What the task asks: Find the line with "Tarif intégraux France" in the records below. Output exactly from there until after the line with "Takano refreshments pure", without pictures.

Records shown:
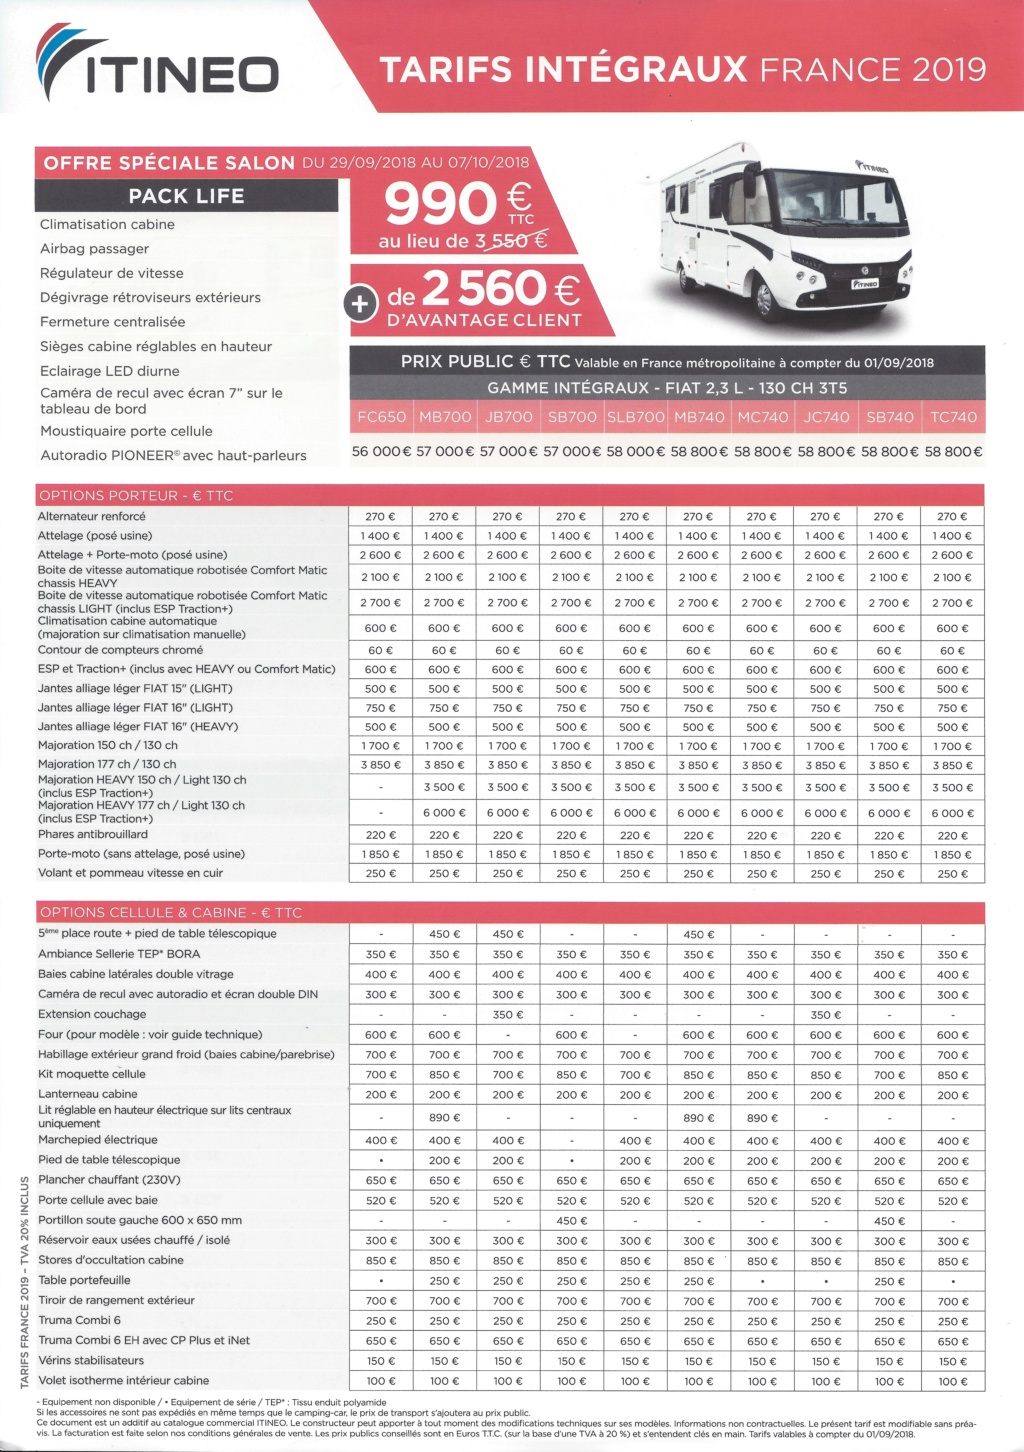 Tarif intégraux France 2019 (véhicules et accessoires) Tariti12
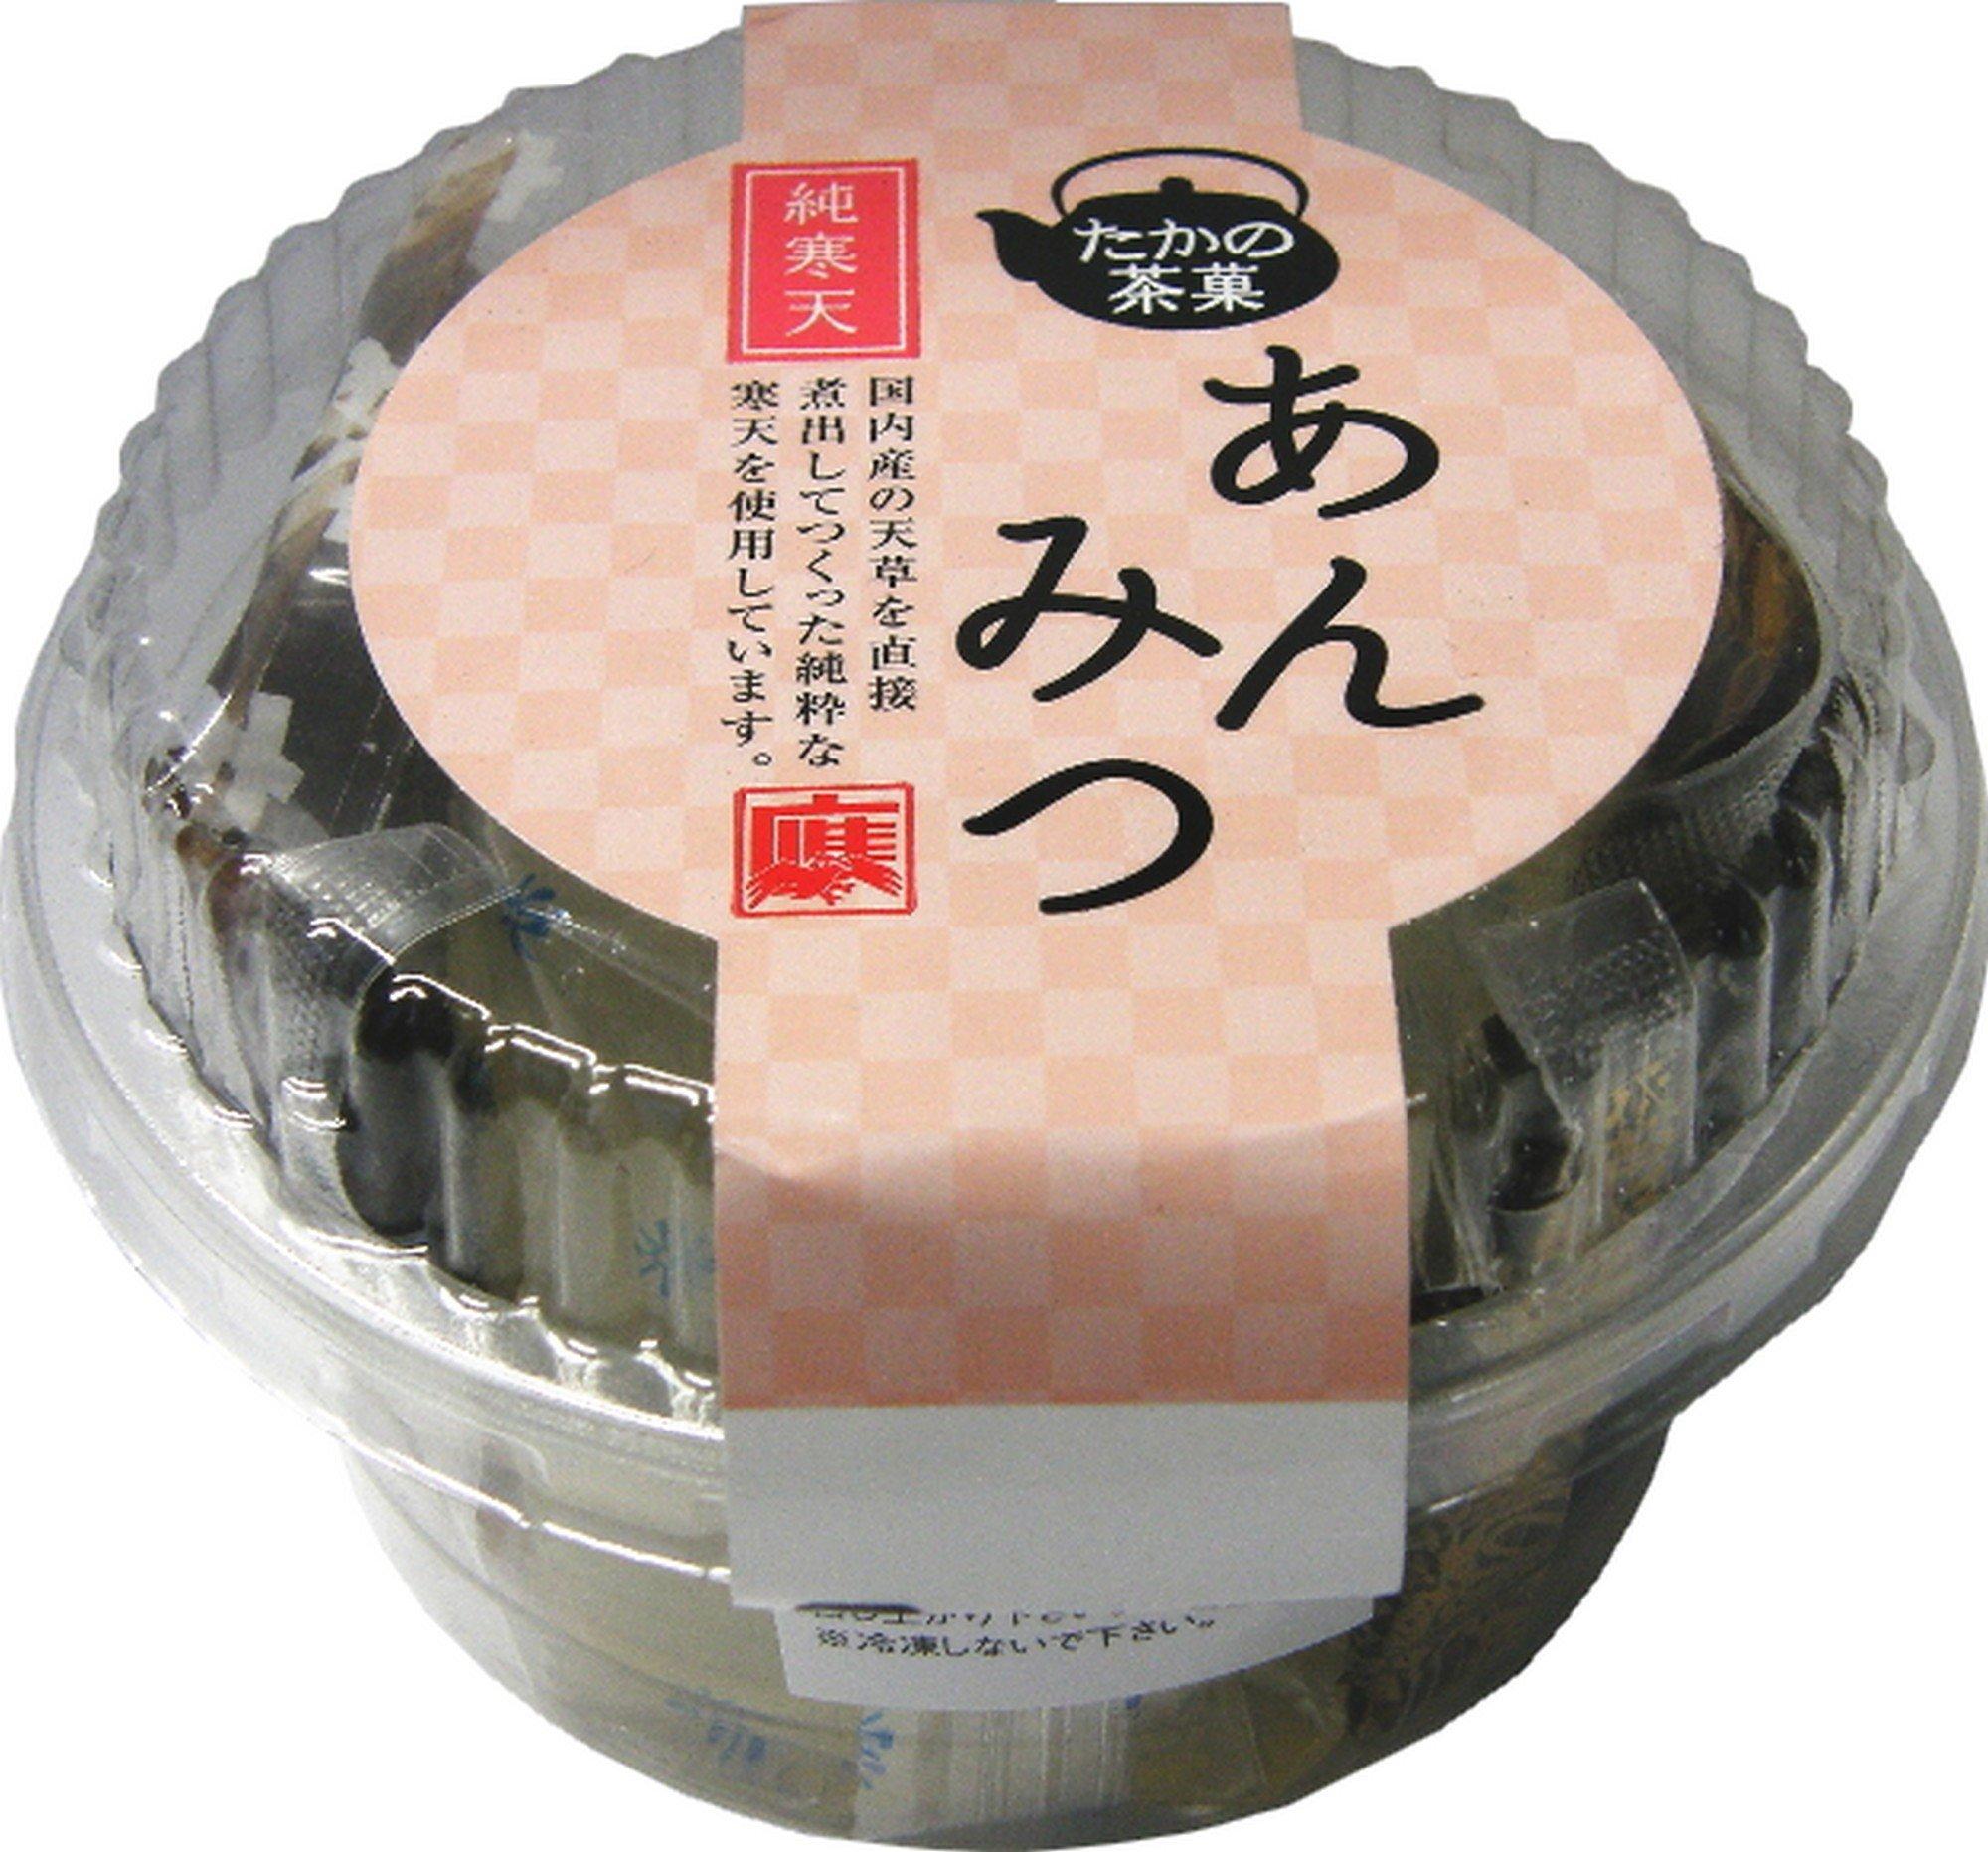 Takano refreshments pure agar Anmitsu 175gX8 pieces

* * *

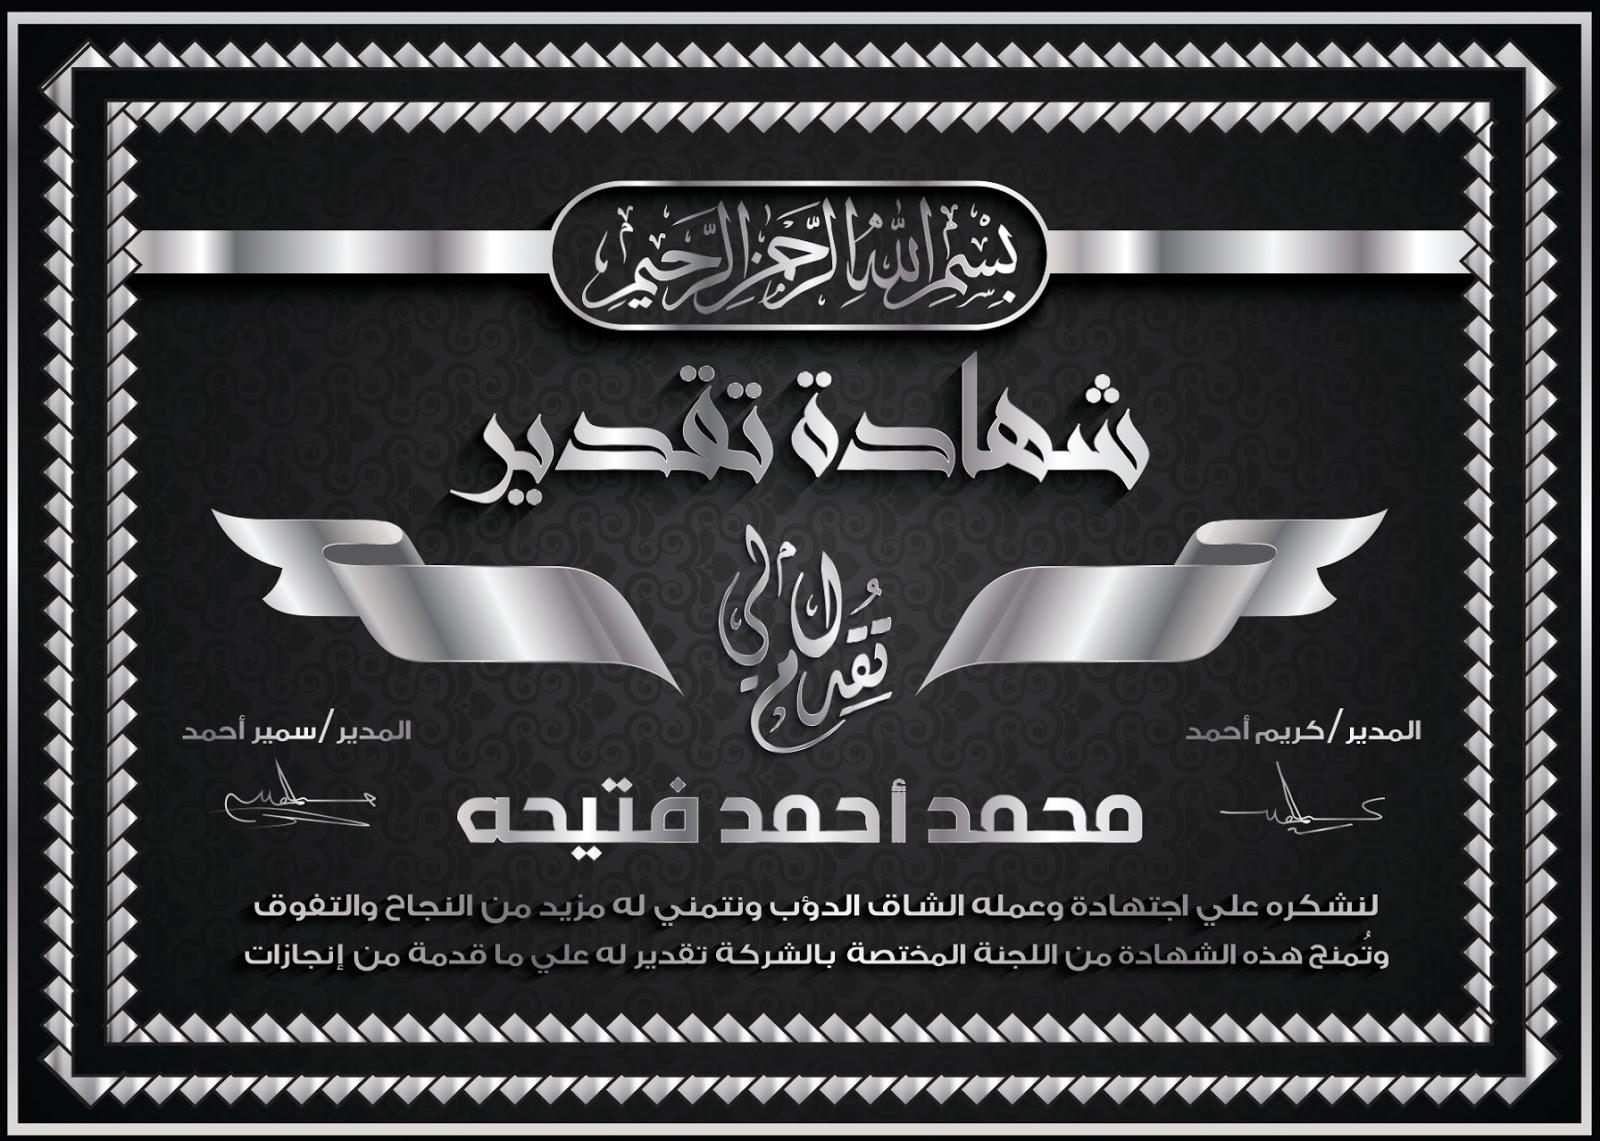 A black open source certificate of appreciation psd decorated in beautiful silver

Result of the task:
 Tarif intégraux France 2019 (véhicules et accessoires) Tariti12
 Takano refreshments pure agar Anmitsu 175gX8 pieces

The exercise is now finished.